Ultimately, 540 records were provided to the research team which represent 15.2% of all potential assessments. Furthermore, only 475 of these assessments (13.3%) achieved a threshold of having 14 or more completed items and were included in the study. Where data on up to six individual items were missing, scores for the missing items were imputed from the mean score for all completed items and added to the total for completed items to produce an imputed total score. Assessments with seven or more missing items were excluded from the analysis. As approved by the Research Ethics Committee, patient consent for data analysis was not required as it was based on anonymised routine clinical data.
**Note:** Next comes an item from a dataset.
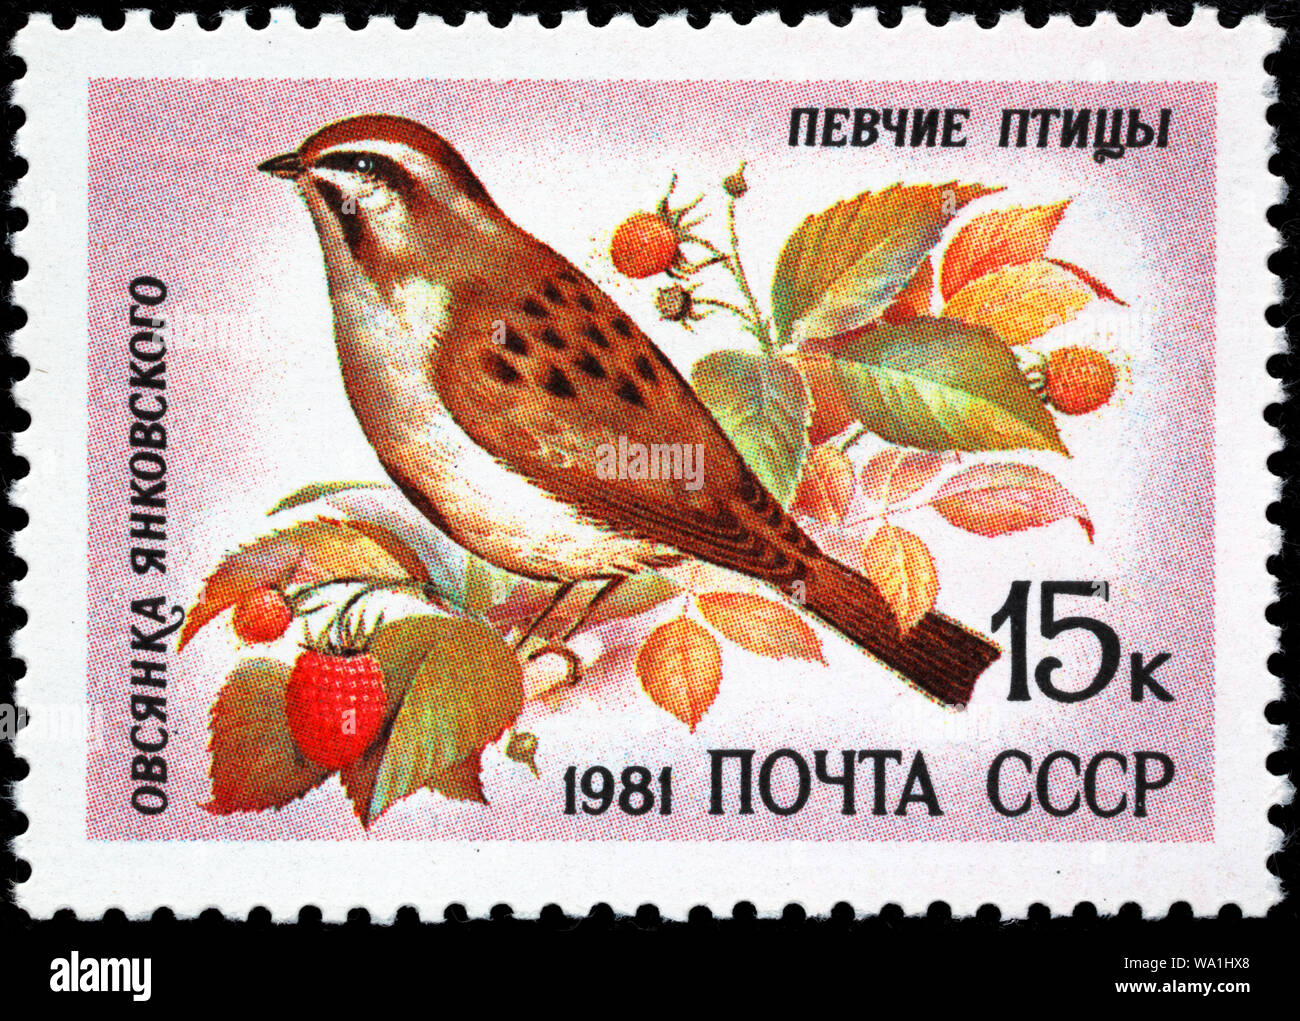 Rufous-backed Bunting, Emberiza jankowskii, Song bird, postage stamp, Russia, USSR, 1981 Stock Photo

The 475 included assessments were conducted on 50 patients (45.4% of admitted patients). The median number of START assessments was 8.5 (IQR = 10.8) with a range from one to 25. Five patients (10.0% of the sample) accounted for 22.3% of assessments (n = 107 assessments). The median number of days between START assessments was 22 (IQR = 20.1) but in some cases there was up to four months between assessments. The median from admission to the first START assessment was 312 days (IQR = 563.0) but this varied markedly from two to 1580 days (> four years), indicating substantial differences in mental state acuity on entry to the study. Data on index offences in the sample were not available.

Data analysis

Descriptive statistics at each START assessment point (1–25) were calculated and the degree of change in discharged and non-discharged groups was compared. All statistical tests were two-directional and adopted a 5% alpha level. Receiver Operator Characteristic (ROC) analysis was conducted based on the first START assessment and on all assessments using SPSS Version 20. Then a multilevel linear repeated measures regression model was conducted with adjustment for diagnosis (schizoaffective diagnosis, schizophrenia or other diagnosis), age as a continuous variable and sex [17]. All regression analyses were performed in STATA 13 for Windows (Stata Corp., College Station, TX). As an indicator of clustering at the patient level an intra-class correlation coefficient (ICC) was used [17] as an estimate of the degree of score stability within patients. If, for instance, there was no concordance of START scores within patients the ICC would be 0 whereas if each patient scored the same value at each measurement, then the ICC would equal one. In order to test whether the degree of clustering of START scores within patients was greater than would be expected by chance alone a likelihood ratio test was used with a limit of p < 0.05.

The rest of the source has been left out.